Abdominal imaging is commonly required in pediatric patients due to the wide range of etiologies causing abdominal presentations in these patients and the need for prompt and accurate diagnosis. The range of modalities used in pediatric abdominal imaging is constantly changing as clinicians increasingly use a variety of complementary modalities to arrive at an accurate diagnosis. For instance, sonography, which is commonly used in pediatric patients if initial studies such as radiography are inconclusive, is often key to arriving at a definitive diagnosis and rapidly determining the urgency of the patient's condition. Through a series of case studies, this article will review common pediatric abdominal pathologies and the imaging studies, including radiography, sonography, and computed tomography, required for accurate diagnosis and treatment. In addition, an interview with our Editor-In-Chief, M. Robert DeJong, Jr, RDMS, RDCS, RVT, provides helpful insights and tips for imaging pediatric patients.
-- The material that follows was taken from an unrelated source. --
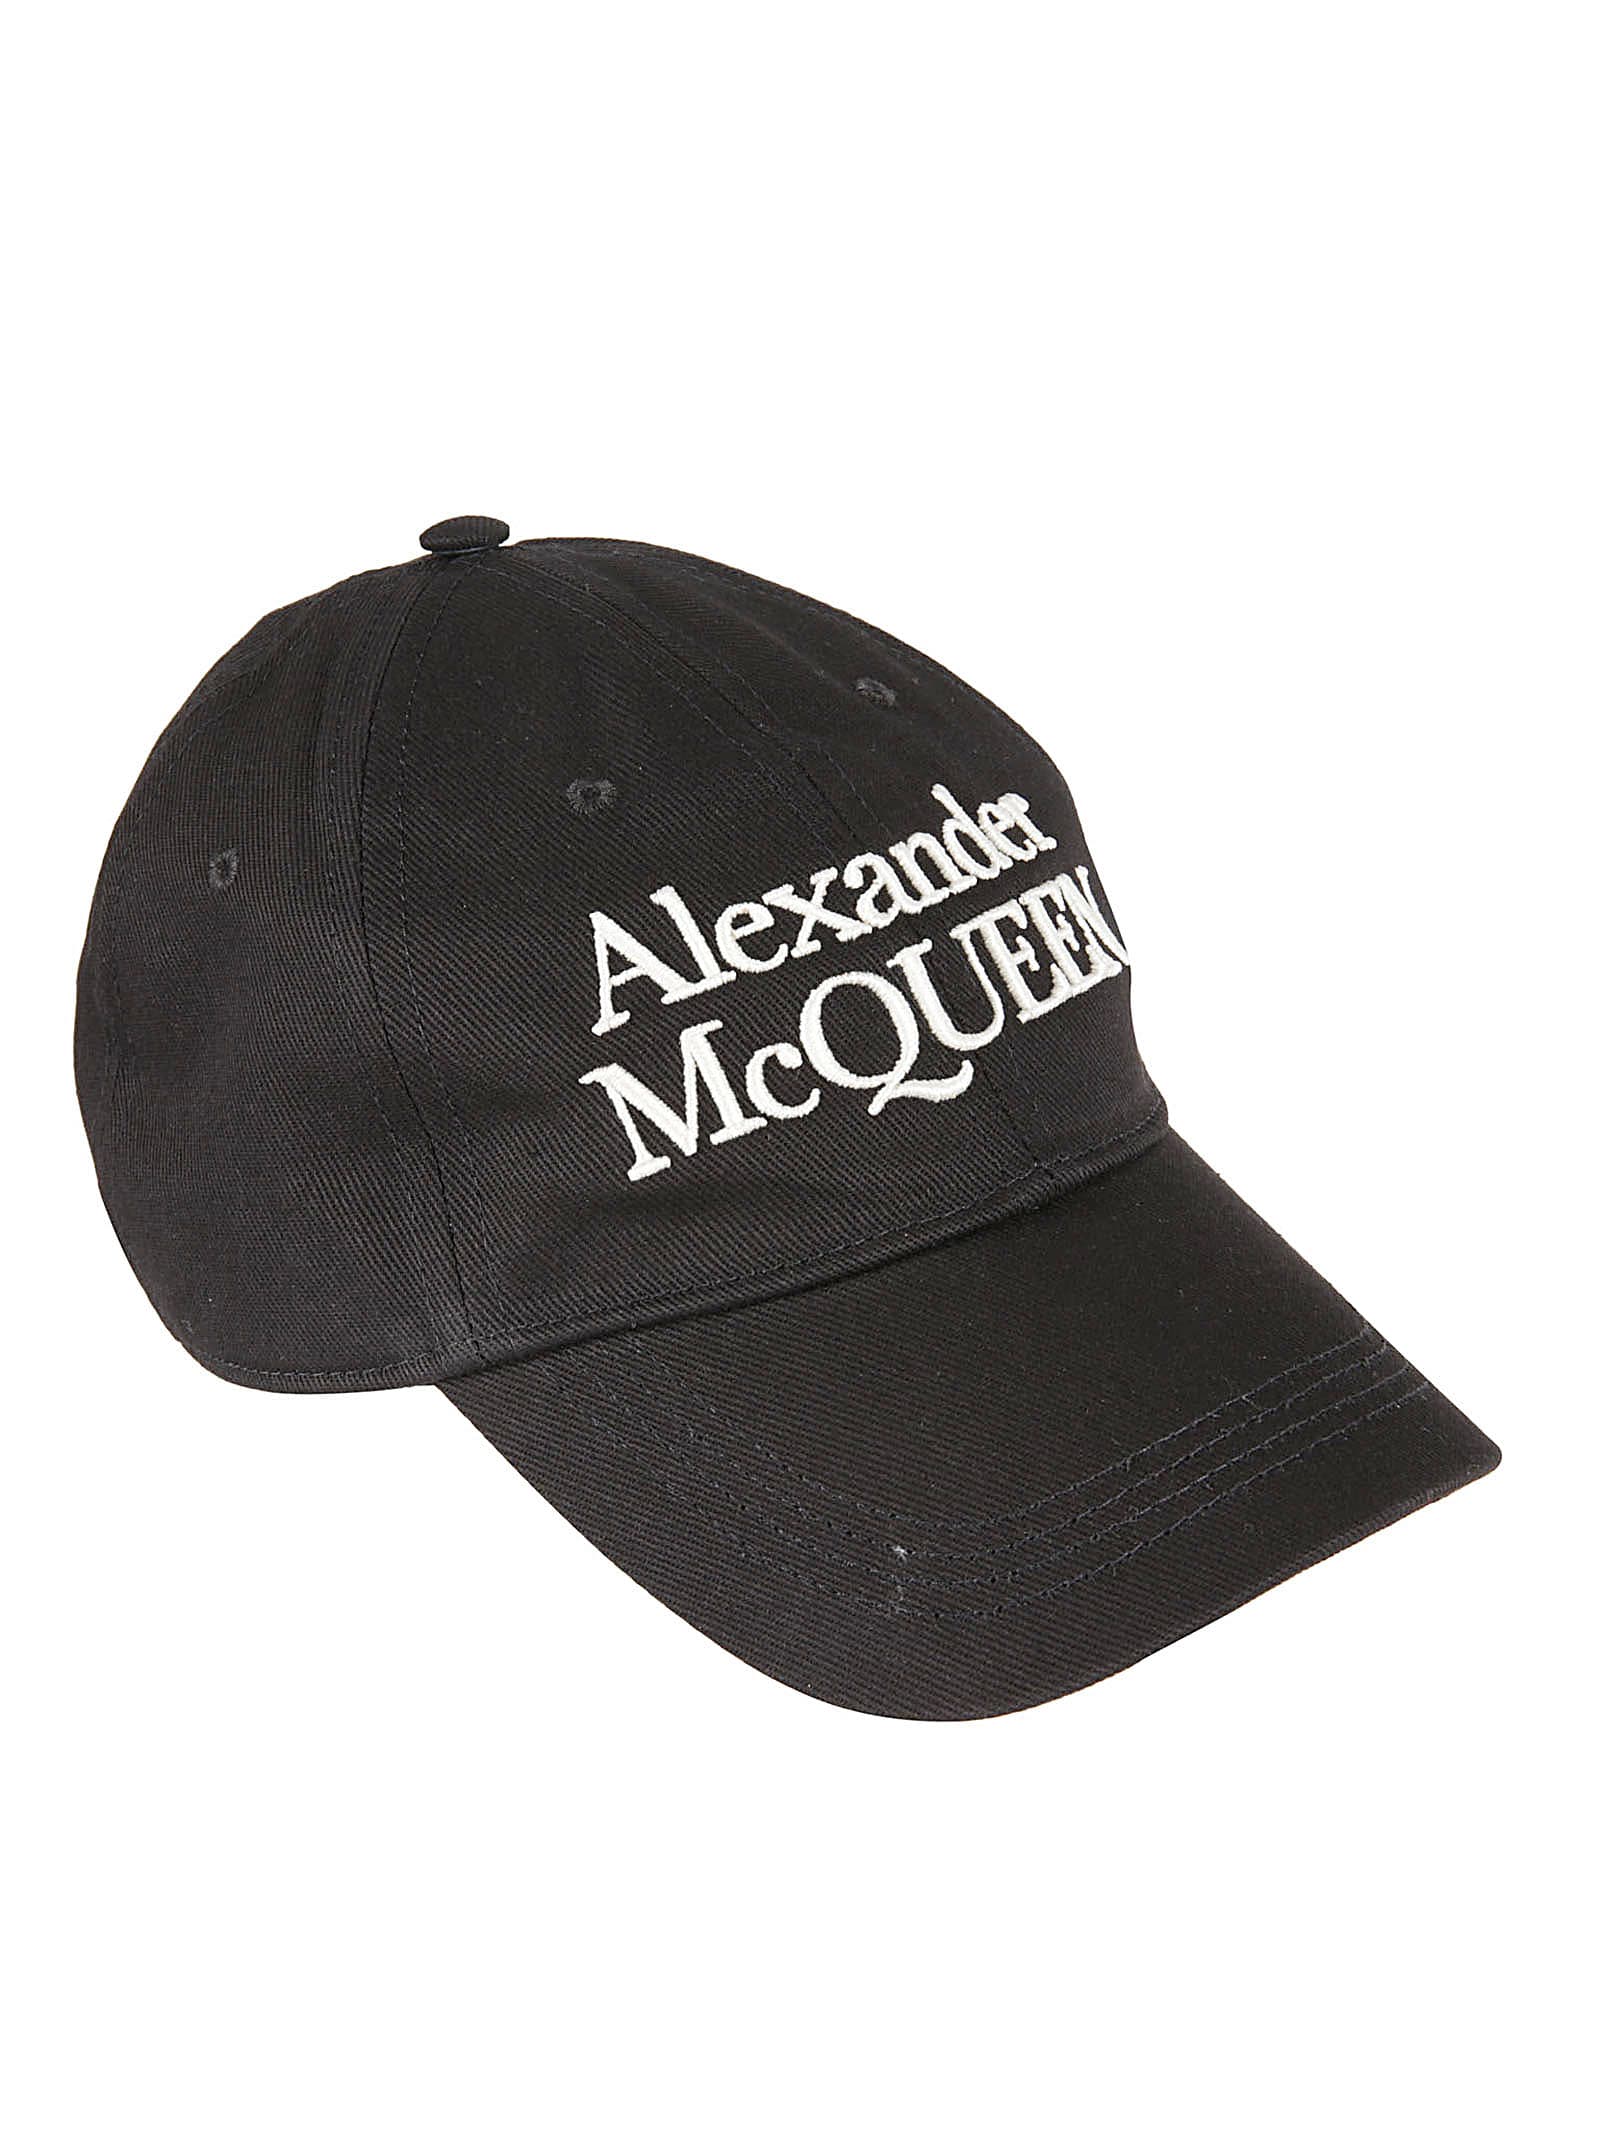 Alexander Mcqueen Stacked Mcqueen Hat In Black/ivory

After reading this article, the participant should be able to:
- Identify pediatric abdominal pathologies commonly encountered in clinical practice.
- Describe the visual appearance of various pediatric abdominal tumors upon imaging with radiography, sonography, or computed tomography, including nephroblastoma, hepatoblastoma, and hepatocellular carcinoma.
- Understand common abdominal imaging findings in nonmalignant pediatric abdominal presentations, including acute appendicitis, intussusception, and pyloric stenosis.